The time for manic resolutions has passed, so I’m ready to look at what I want for the year. I don’t always make resolutions, but the past four years have been so tumultuous and transformative in that tear-you-apart-and-make-something-out-of-the-broken-pieces kind of way, that I am ready to tuck deep down into some reflection and look forward, a little bit at a time.
Start the day with a little prayer for unconditional love, seeking it for myself and giving it to others. I’m opinionated and can be abrasive. These things make it easy for me to act decisively and with confidence. They can be endearing, but also hurtful.

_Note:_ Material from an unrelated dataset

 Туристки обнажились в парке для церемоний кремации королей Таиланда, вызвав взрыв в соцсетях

So…unconditional love first for me (because if I can do it for myself then I can do it for others) and the things and people I love and encounter in the world.
Work toward getting stronger physically and emotionally. The years that I was pregnant with the Fairy Pig and she was an infant, one-year-old, and two-year-old have been the weakest-feeling of my life. I’ve been atrophied and exhausted. Sometimes thinking about exercise overwhelmed me. But I love to be outside and be active. Help!

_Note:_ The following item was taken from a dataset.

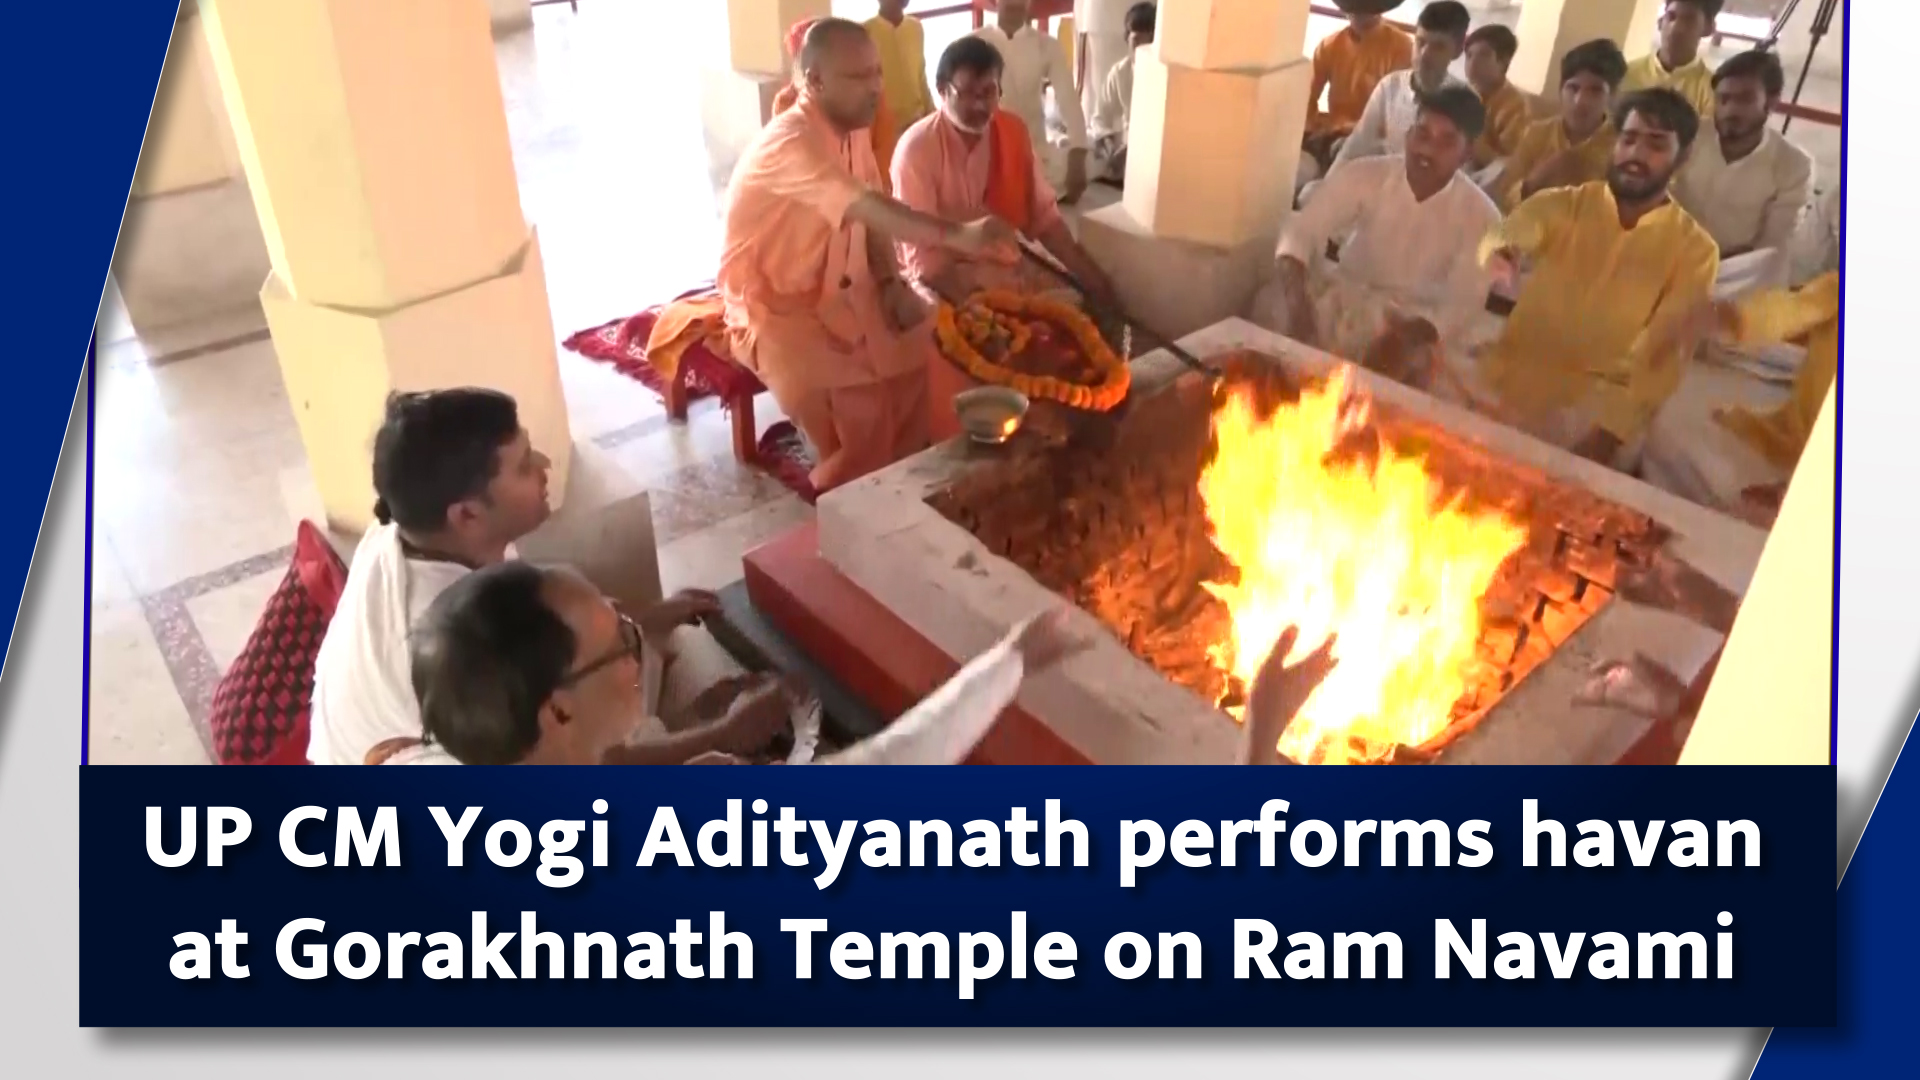 UP CM Yogi Adityanath performs havan at Gorakhnath Temple on Ram Navami

Expand my freelance network, especially to include more talented women of color. I’m really proud that my freelance work is up and running… professional work was on the back-burner for six years. Now I want a rich network of bitches who are creative, thoughtful, and have great writing, web coding/design, or graphic design skills. Power is in community. If I know you, I’m coming for you. If I don’t know you, hit me up.
Get in bed before 10 p.m. and try to go to sleep at 10. Doomed to failure? All the other years say there’s no way she’ll do this!! I’m a night owl. The kids are all down by 8, but I want to do my personal writing, check in on Facebook and Instagram, snuggle up with my boo on the couch and watch mindless television, take a bath, and read a book, all before 10 p.m. My expectations are way too high, but if I don’t do all the things then life seems less fun, and when life seems gray I spiral into a depressive abyss. But maybe, just maybe, I’ll get to bed…
I like having these here as intentions. Failure is fine. But if I put them out in the universe, then maybe they’ll come back to me abundantly… who knows. I would love to hear an intention of yours, because it helps me grow.